Problem to work on: In the records below, the relevant part opens with the line containing "PetSafe Happy Ride Cargo Area Dog Barrier" and closes with the line containing "Manga Shounen Zoom Vol. 02 1"; print that part exactly and only, without its pictures.

Supplied information:
Start of Block

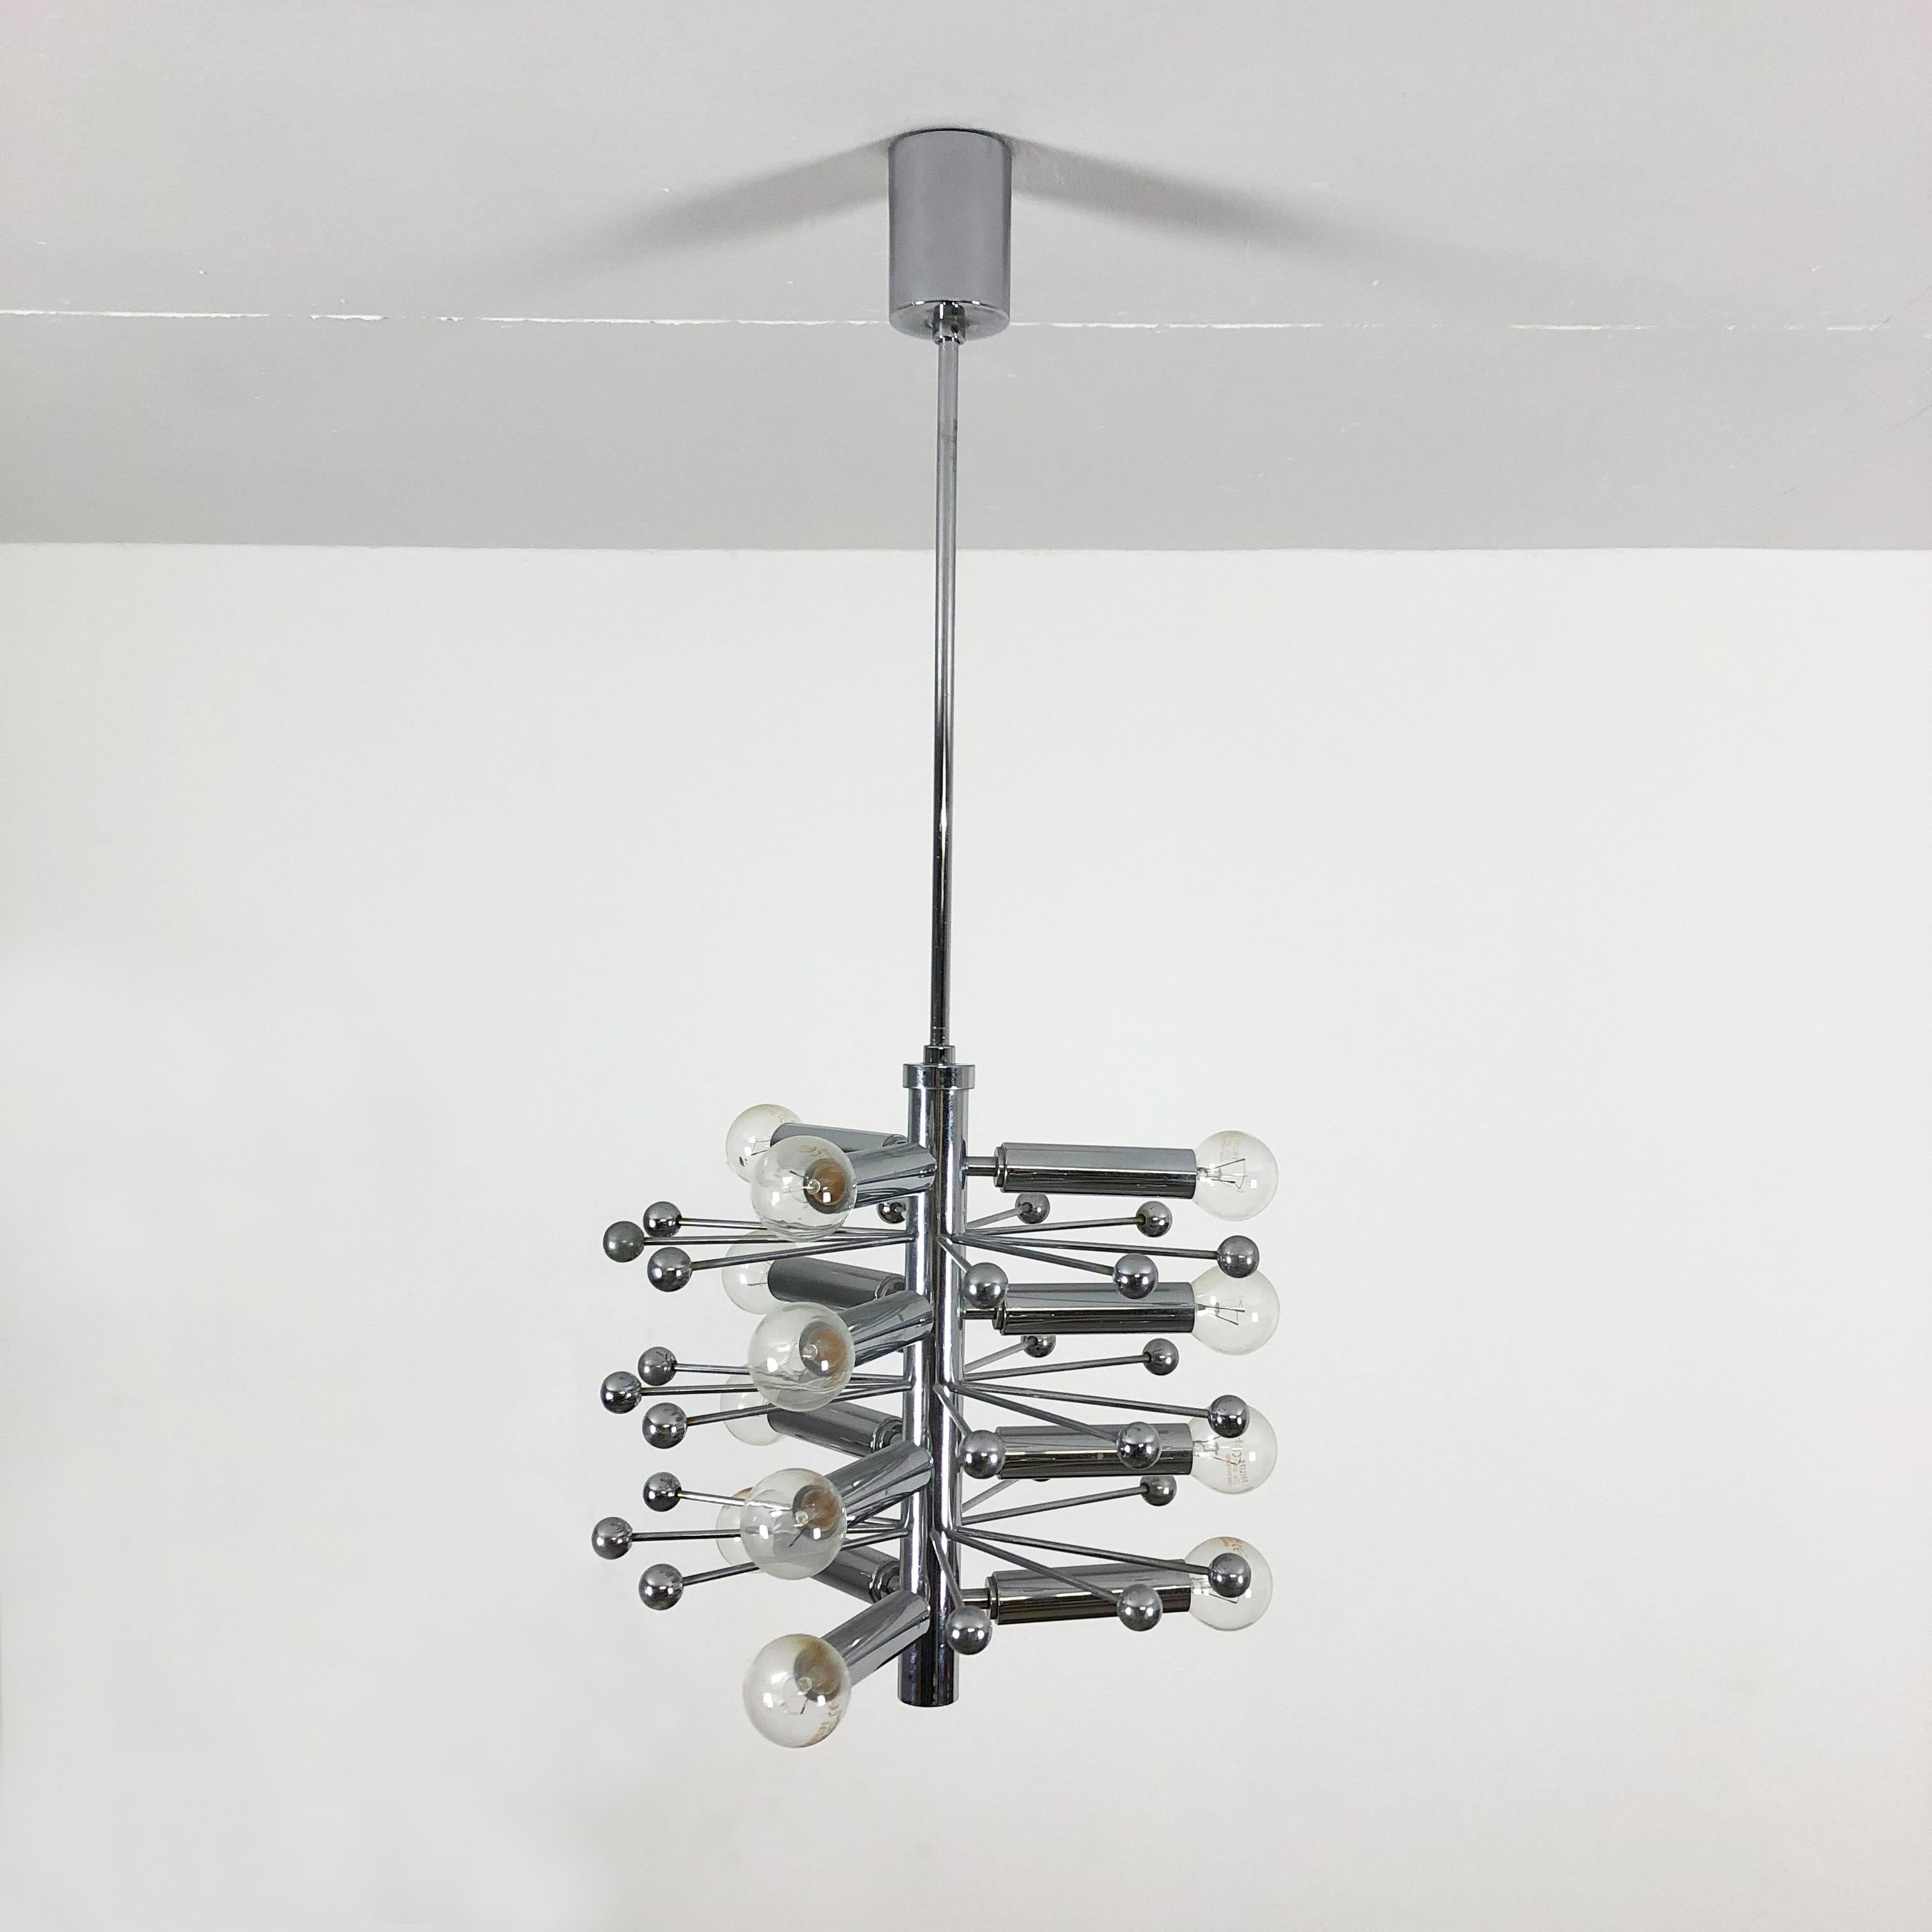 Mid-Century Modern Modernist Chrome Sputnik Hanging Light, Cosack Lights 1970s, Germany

End of Block
Start of Block

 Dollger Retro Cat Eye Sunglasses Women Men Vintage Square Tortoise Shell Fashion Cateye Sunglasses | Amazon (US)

End of Block
Start of Block

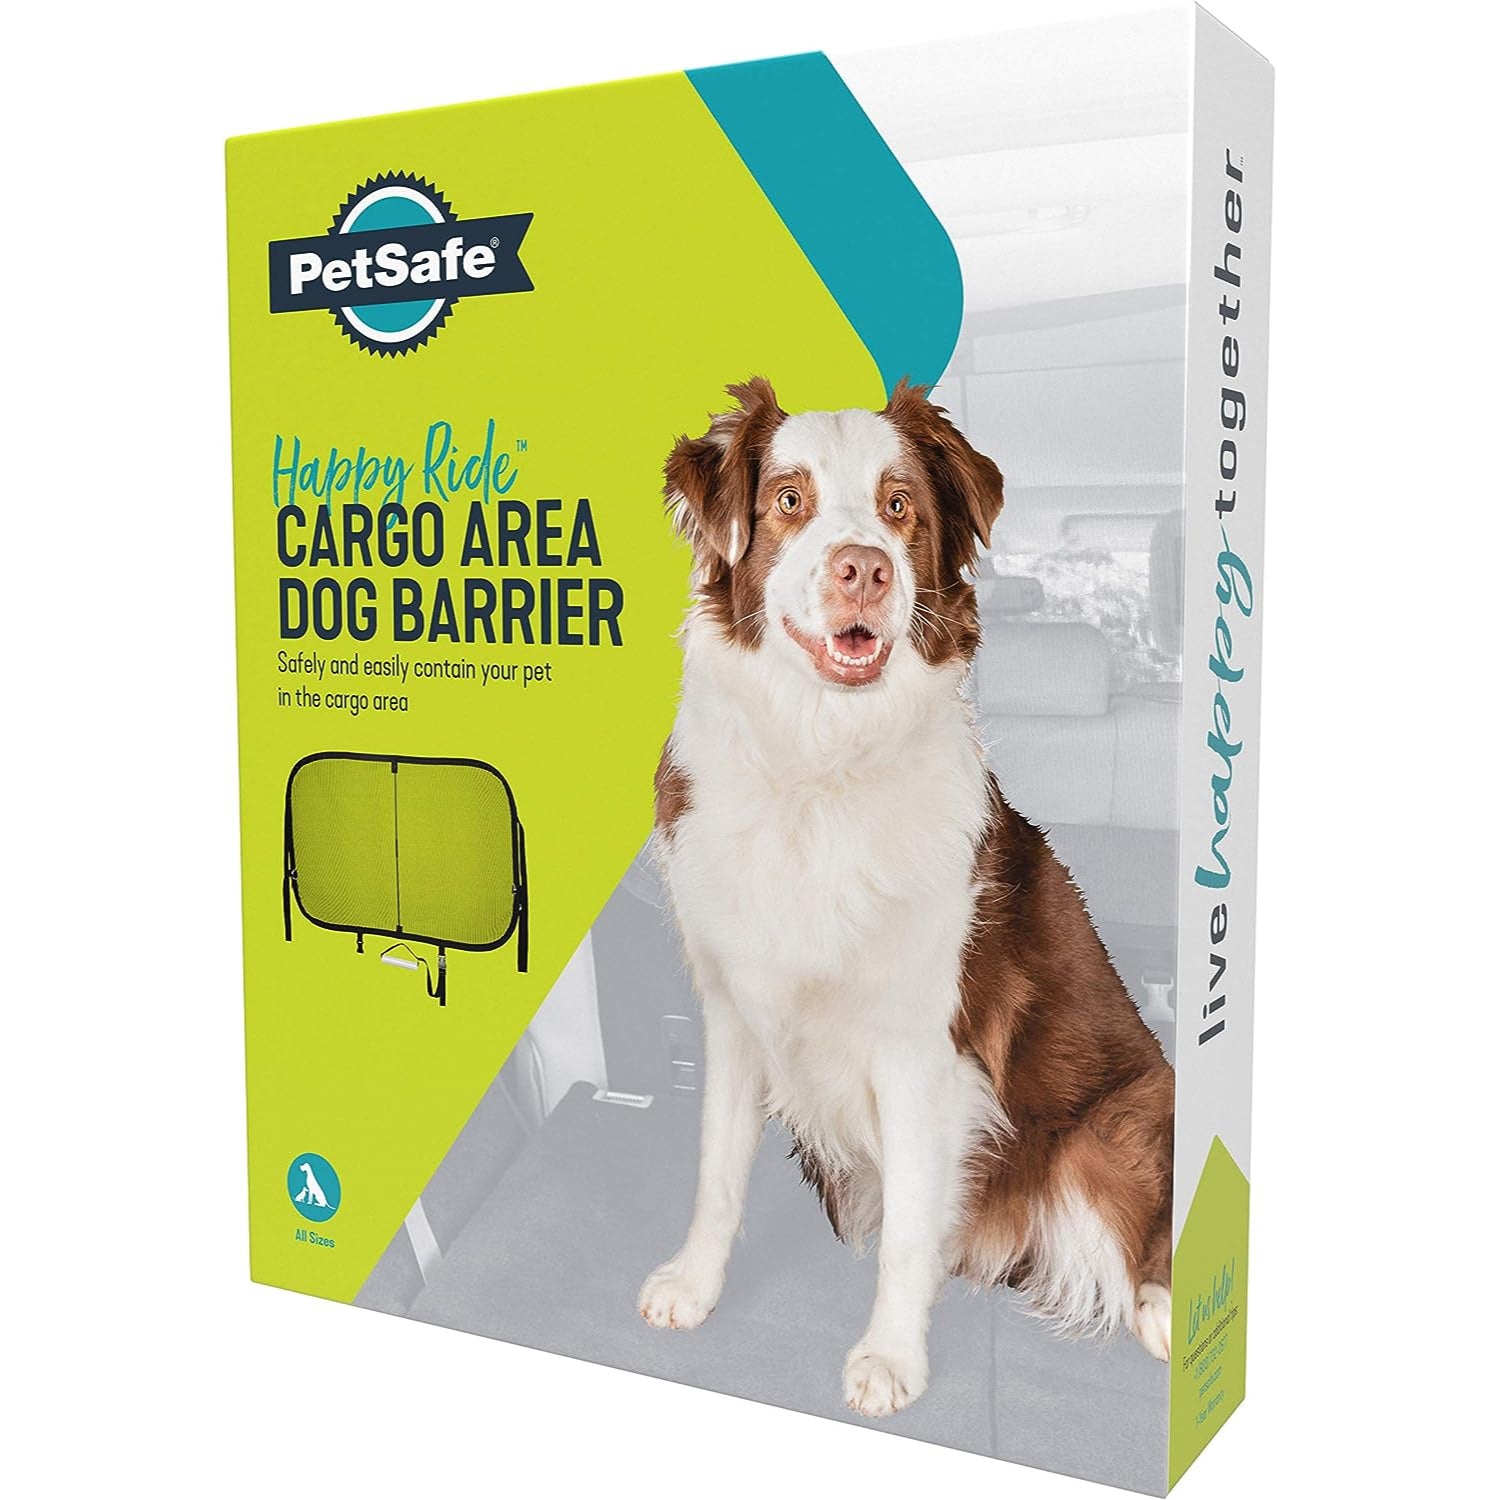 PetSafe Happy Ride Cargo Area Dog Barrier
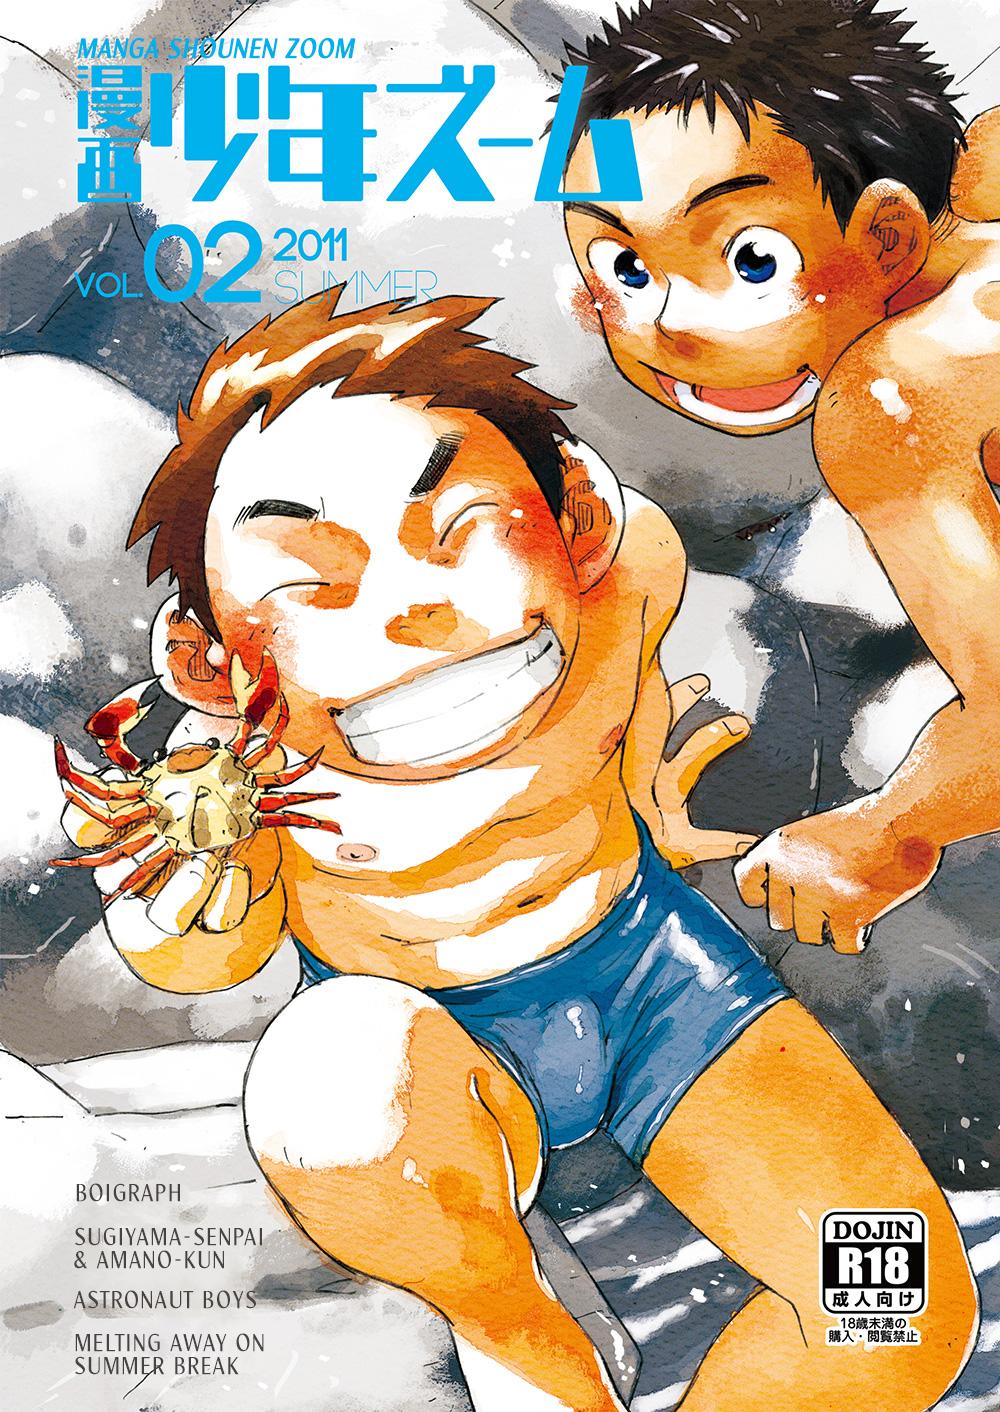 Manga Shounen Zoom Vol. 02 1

End of Block

Finished task:
 PetSafe Happy Ride Cargo Area Dog Barrier
 Manga Shounen Zoom Vol. 02 1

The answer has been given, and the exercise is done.